Data shown:
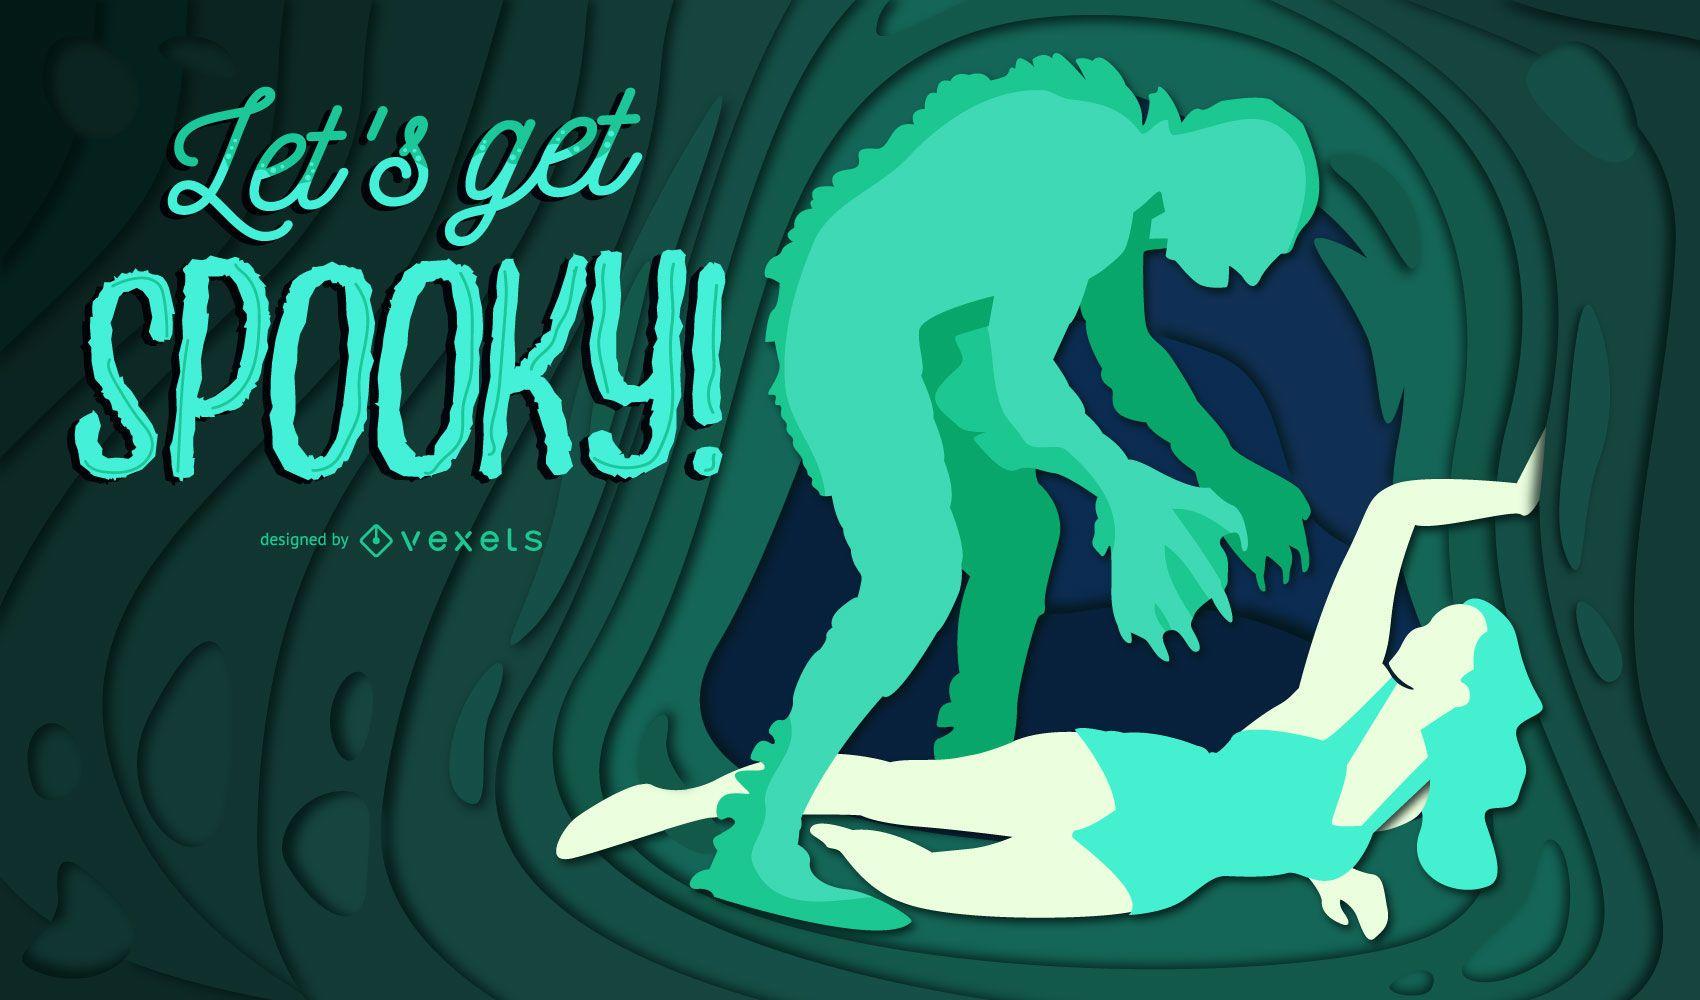 Spooky halloween papercut illustration
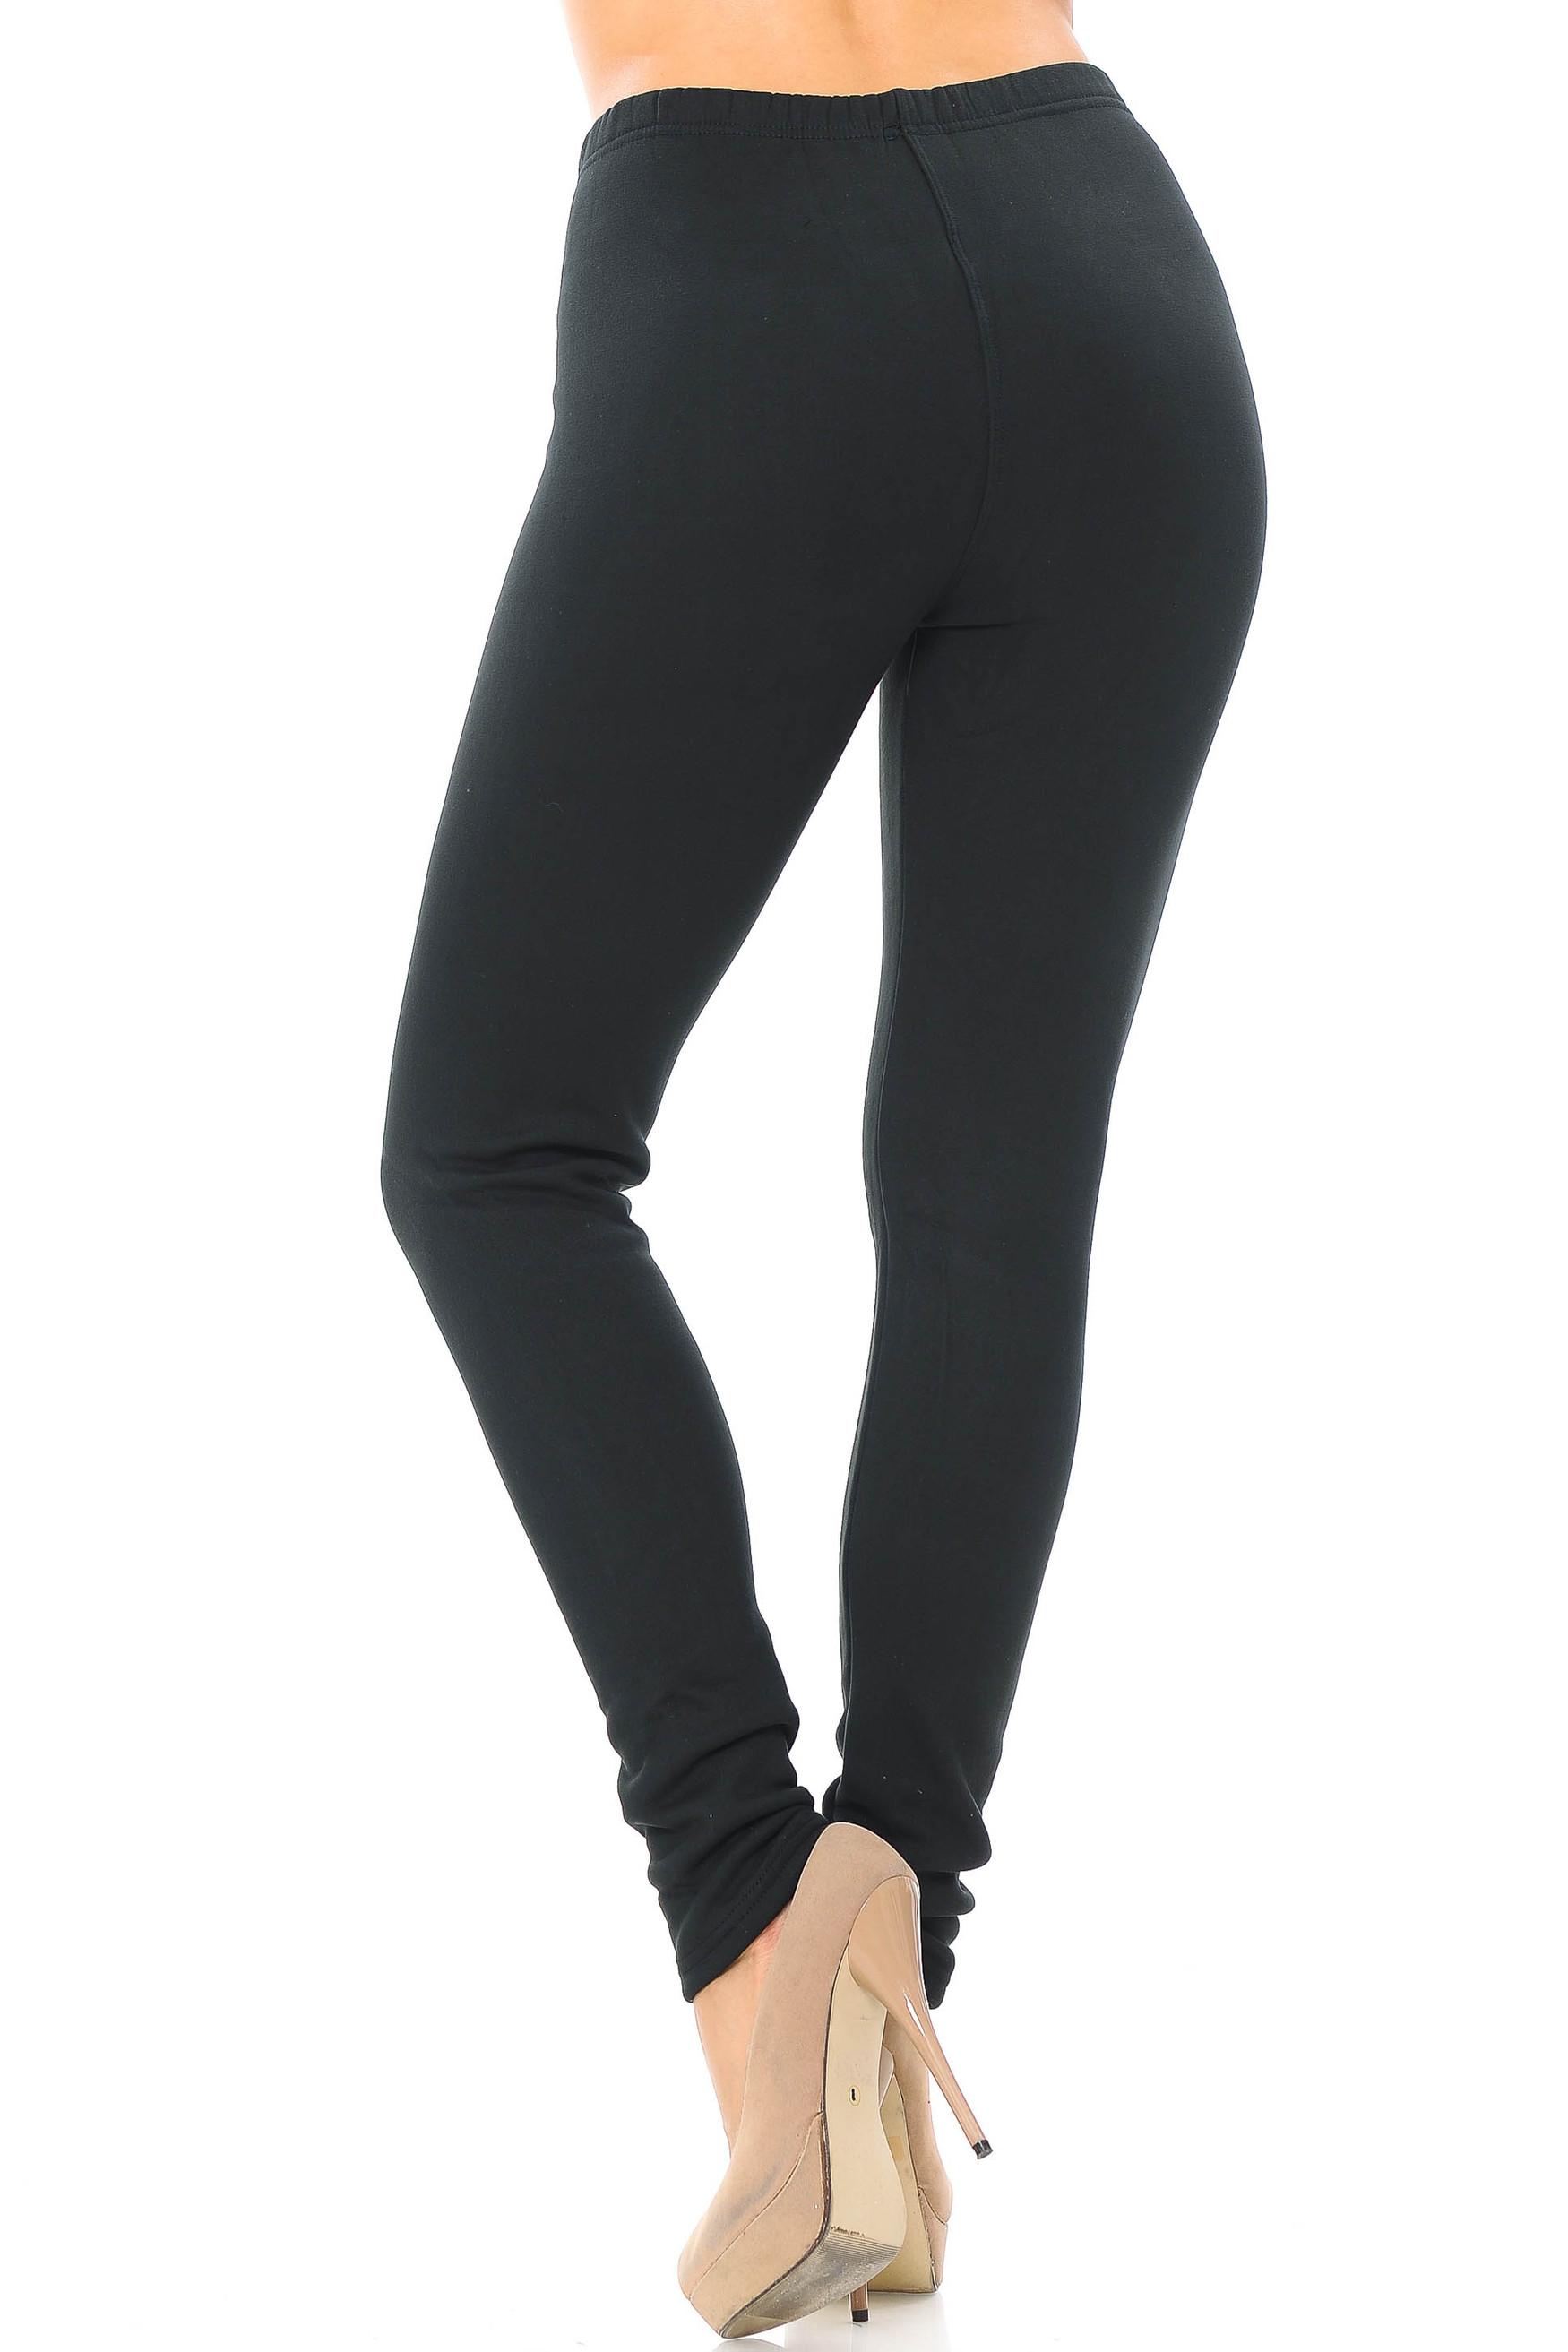 Back side image of Creamy Soft Fleece Lined Leggings - USA Fashion™
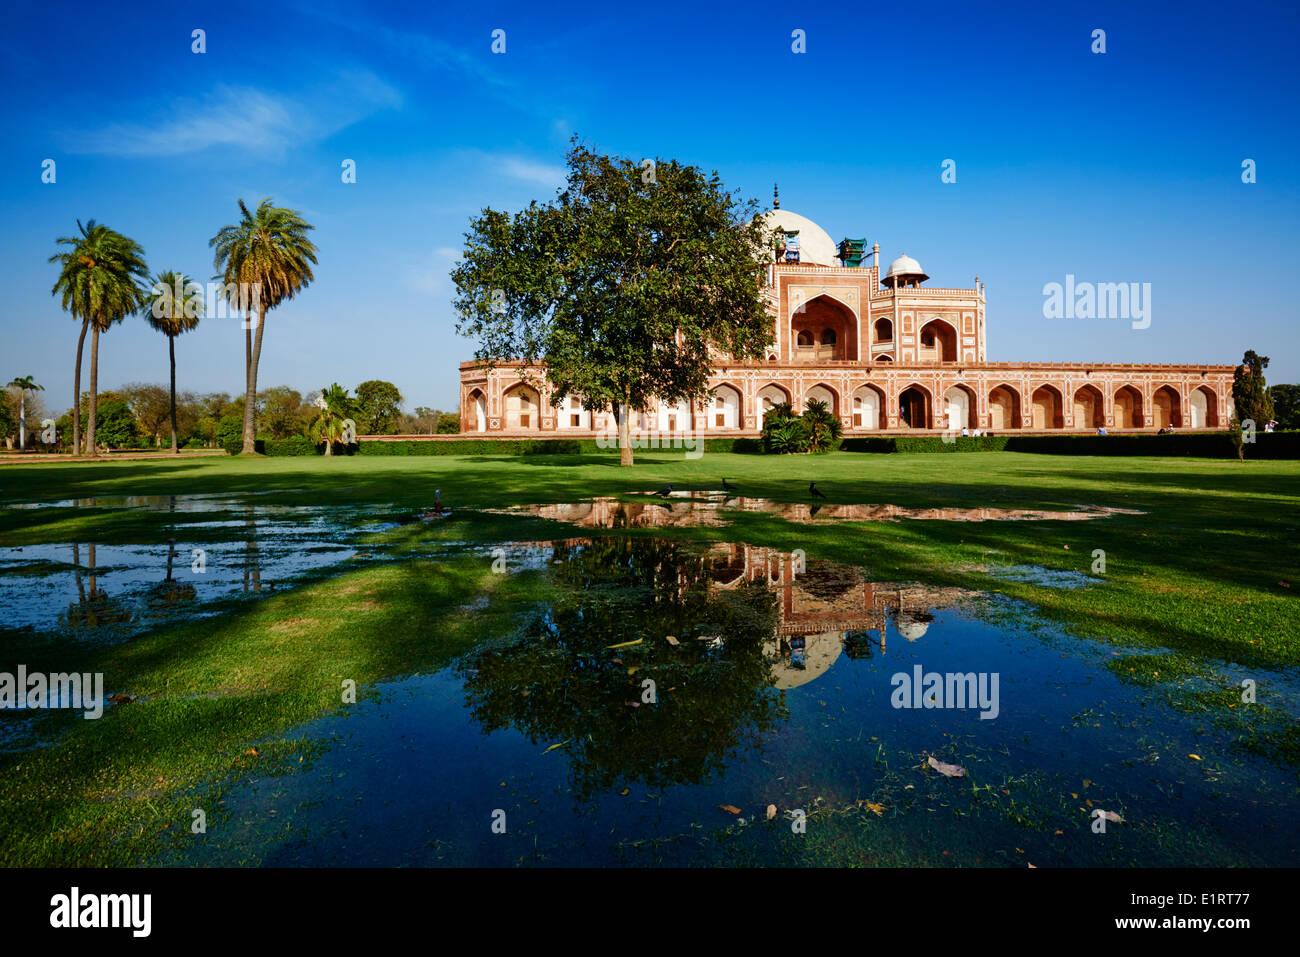 L'Inde, Delhi, Mausolée Humayun, Unesco world heritage Banque D'Images

What is being asked: The expected output is the whole listing, word for word, minus its pictures.

Answer section:
 Spooky halloween papercut illustration
 Back side image of Creamy Soft Fleece Lined Leggings - USA Fashion™
 L'Inde, Delhi, Mausolée Humayun, Unesco world heritage Banque D'Images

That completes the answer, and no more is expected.